I am contributing to an open source OS project, with some of my friends helping out. (not solo here, I didn't write everything)

When I arrived, they had numerous boot bugs, and I spent the last week resolving them. Fixed the multiboot header, and fixed the triple faults.

Or so I thought.

My "fix" for the triple faults involved adding a `cli` instruction before the idling loop, which comes after execution of kernel_main. When time came to write the keyboard driver, this was pointed out to me, and once I removed it, triple faults. I have done a lot of investigation into this.

Please refer to the repo, I don't want too much text on the screen.

In *.../i686/Boot.S*, you can see a `cli` instruction and an `sti` instruction. Upon removal of these lines, the triple faults stop, but the interrupts do not work. If *sti* exists at all the OS triple faults. This seems like nonsensical behavior, so I concluded that the interrupts are botched. I didn't write the interrupts. The person who did has no idea what it does and what the problem may be (i suspect copypasta). I could try to make sense out of this, but I've spent hours and I have gotten nowhere. I turned to this forum for help.
Screenshot_20201012_191400.png
Screenshot_20201012_191400.png (23.75 KiB) Viewed 3358 times
Skylight: https://github.com/austanss/skylight

I make stupid mistakes and my vision is terrible.

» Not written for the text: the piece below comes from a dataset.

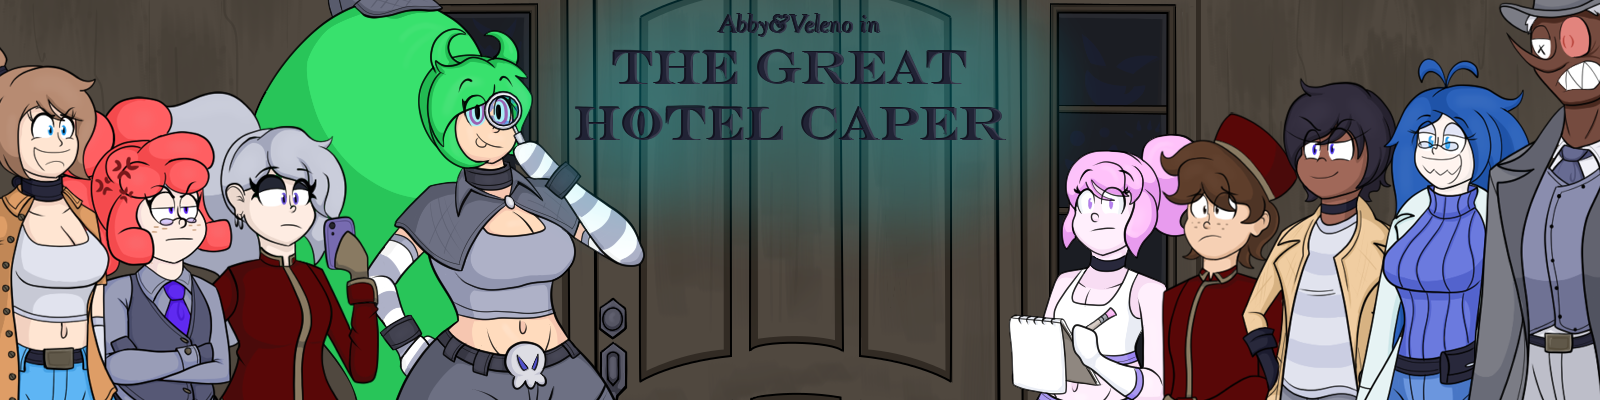 Abby & Veleno in The Great Hotel Caper (Demo)

Not a good combination.

NOTE: Never respond to my posts with "it's too hard".
Octocontrabass
Member
Member
Posts: 5601
Joined: Mon Mar 25, 2013 7:01 pm

Re: Very lost on botched interrupts causing triple fault

Post by Octocontrabass »

Add exception handlers, have the exception handlers dump the CPU state at the time the exception occurs, and then use that information to locate the fault.

(Or use an emulator that will dump the CPU state at the time of the exceptions for you, such as QEMU with "-d int".)
User avatar
austanss
Member
Member
Posts: 377
Joined: Sun Oct 11, 2020 9:46 pm
Location: United States

Re: Very lost on botched interrupts causing triple fault

Post by austanss »

Octocontrabass wrote:Add exception handlers, have the exception handlers dump the CPU state at the time the exception occurs, and then use that information to locate the fault.

(Or use an emulator that will dump the CPU state at the time of the exceptions for you, such as QEMU with "-d int".)
Screenshot_20201012_192216.png
Skylight: https://github.com/austanss/skylight

I make stupid mistakes and my vision is terrible. Not a good combination.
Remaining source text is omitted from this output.